3d.   Reflection data files
 
Input (formatted): FREF alias FREFA FREFB FEFC or  HKL alias SHELX
SHELXL
Output (binary): BINFO   (to be kept for next runs)
 
The subroutine MERBIN finds out which input data file is present, it
reads the reflection data and writes a temporary binary reflection data 
file BINFO. 
Formats of the reflection data files:
 
FREF alias FREFA FREFB FREFC: formatted reflection data file,
                               28 characters/record
                               (standard DIRDIF file)  with  Fobs values
      first record:      header with 'FREF' or 'FREFA' ... and CCODE
      following records: 1 reflection each, FORMAT (A1,3I3,I2,F9.2,F7.2)
                              for:  ' ', h, k, l, JC, Fobs, sigma
                              JC=2 for 'unobserved' or 'unreliable',
                              else JC=1 or blank
      last record:       'E'
 
 
HKL alias SHELX SHELXL:  formatted reflection data file,
                         28 characters/record
                         with |Fobs| or |Fobs|**2 values
                              (defined by a HKLF record: no default!)
      First record:      HKLF header (optional, not SHELXL convention)
         First word:     'HKLF' on columns 1 - 4
         Second word:    the CCODE (optional, not checked)
         Then:           one number, either 3 or -3 : |Fobs| expected, 
                                     or  4 or -4 : |Fobs|**2 expected !
      Following records: 1 reflection/record,    FORMAT (3I4, 2F8.2)

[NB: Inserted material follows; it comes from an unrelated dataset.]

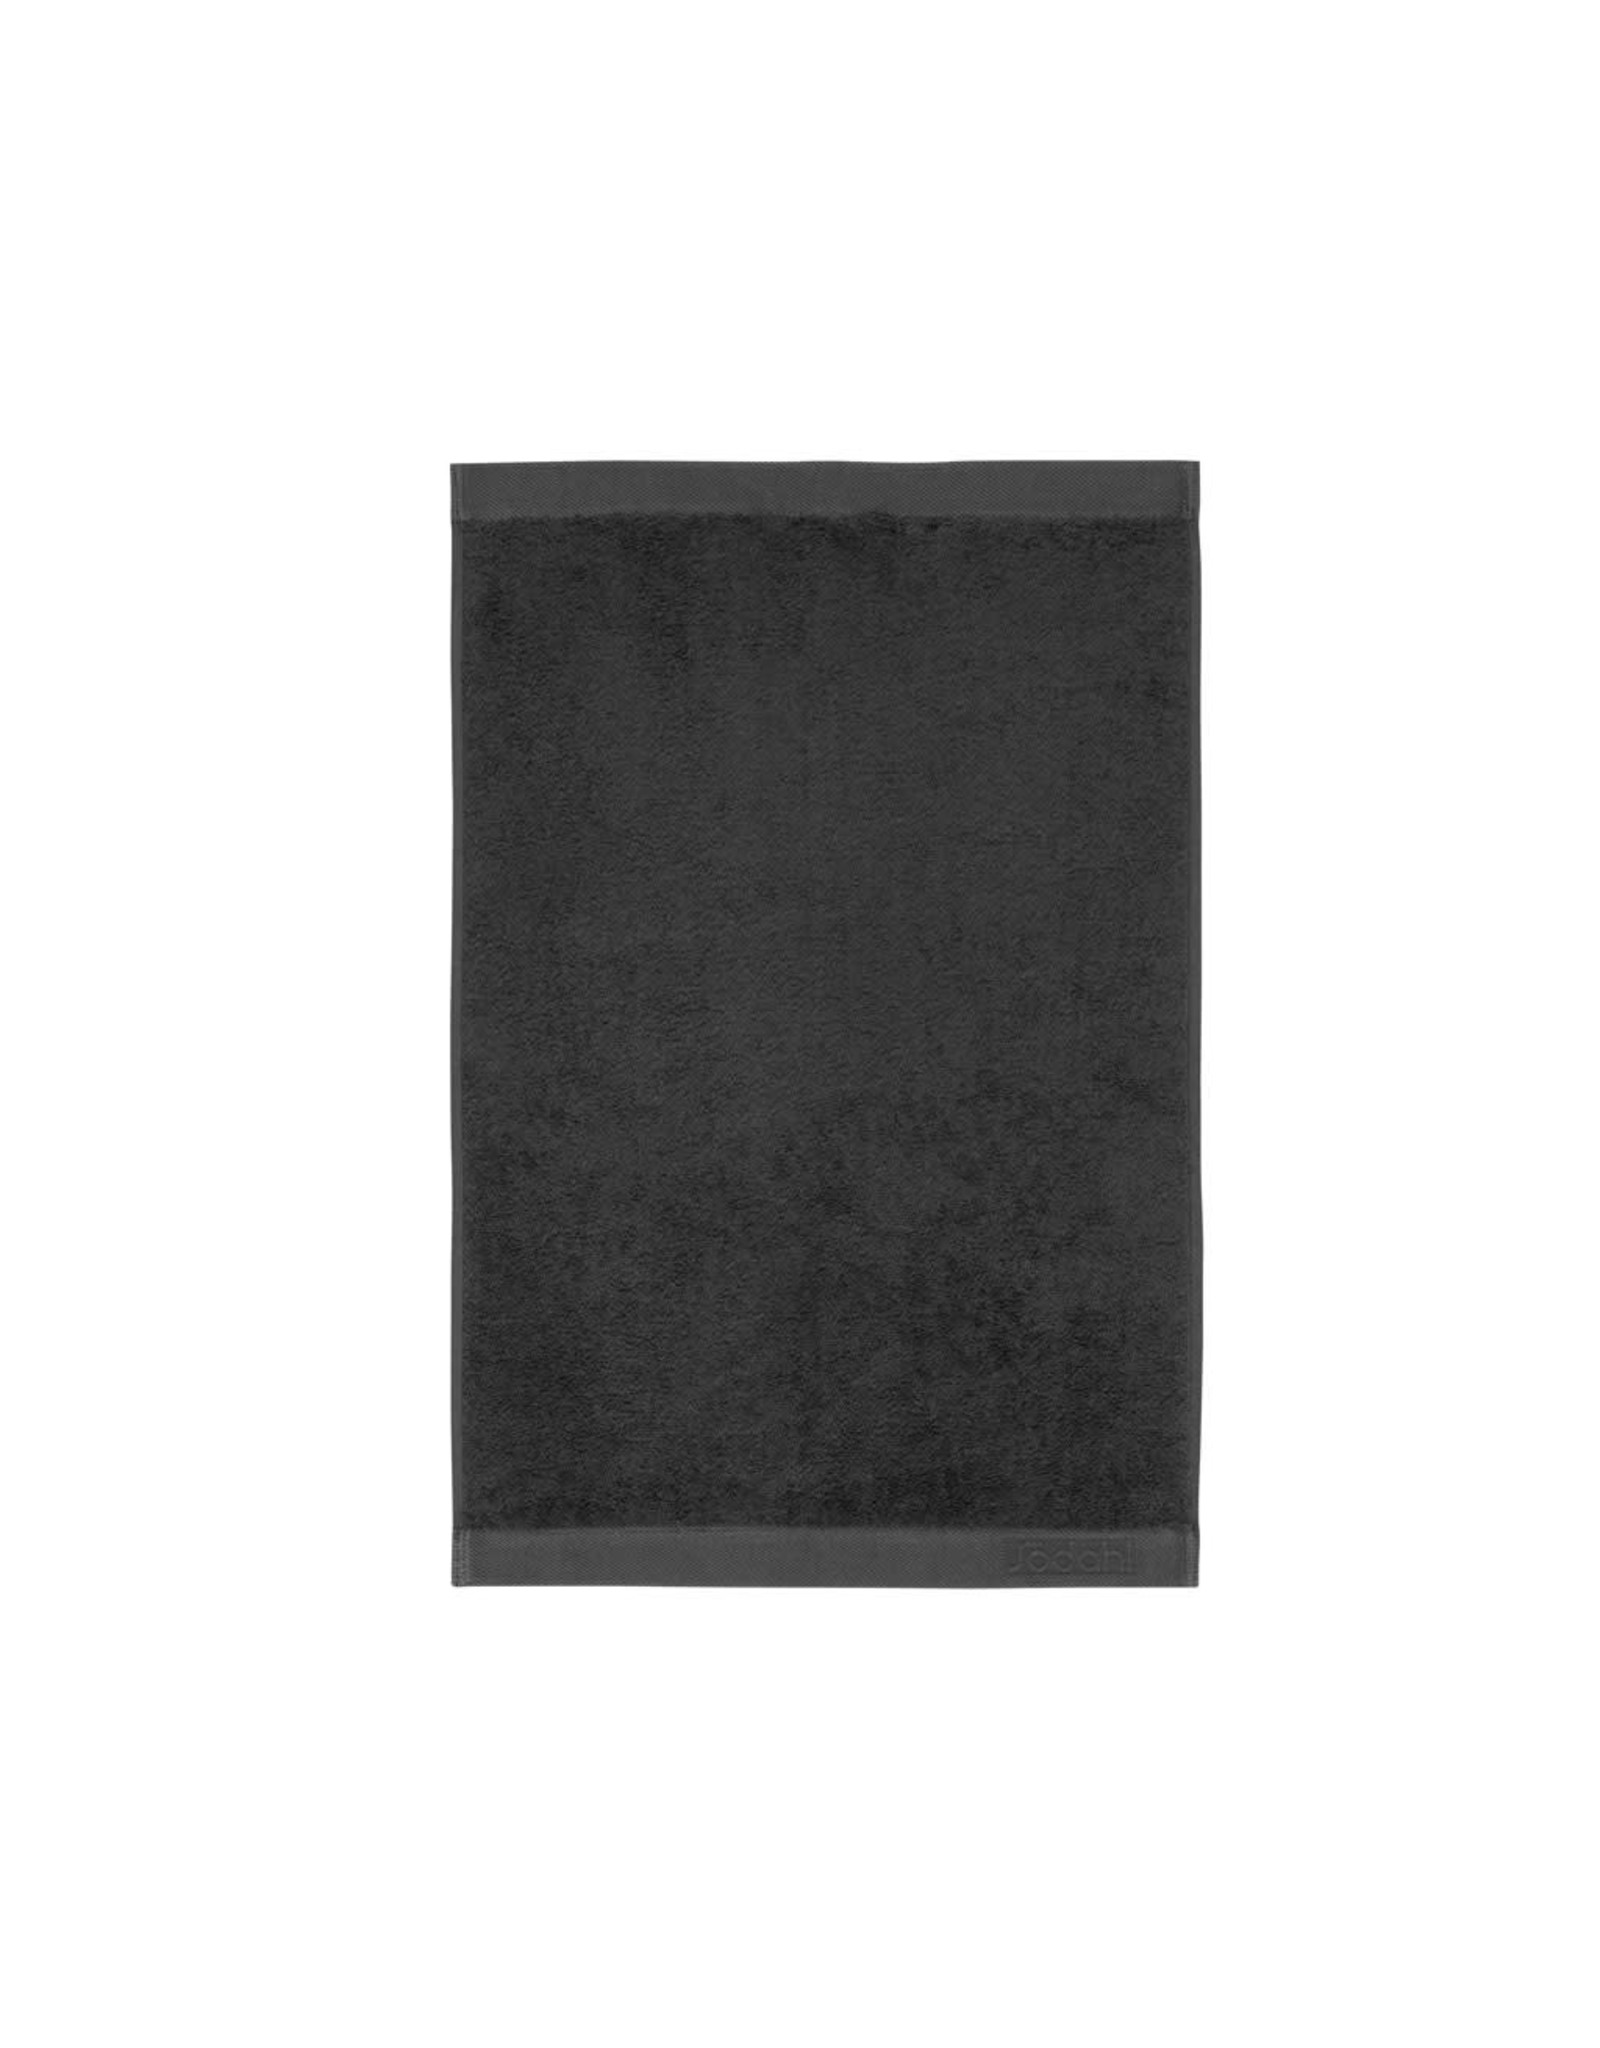 SODAHL SODAHL 727550 HANDDOEK 40X60CM COMFORT BLACK

                              for:  h, k, l, |Fobs|,    sigma
                              or:   h, k, l, |Fobs|**2, sigma
                (Note: the SHELXL batch number on cc. 29-32 is ignored.)
      Last record:       h = k = l = 0 (or: all blanks)
 
      (Note about the SHELXL indices transformation matrix  Rij given on
      the HKLF record: This feature is available,
      but should be used with care !! It is not used on crystal data!)
 
Mind that a CIF file or an INS/RES file (SHELXL) can only be used
for crystal data input, not for reflection data input.
 
 
3e.   DDLOG file ('readable data')
 
This file contains a summary of DIRDIF runs with pertinent data. This
file is to be kept.
 
 
3f.   ORBASE and ORUSER files
 
ORBASE : a data base with molecular fragments.
ORUSER : a private extension of ORBASE  (with your own favourite models)
A write-up of these files is given in the header lines of these files.
The user is urged to add (manually) his own structural molecular
fragments to the file ORUSER for future use when solving 'similar'
compounds.
 
------------------------------------------------------------------------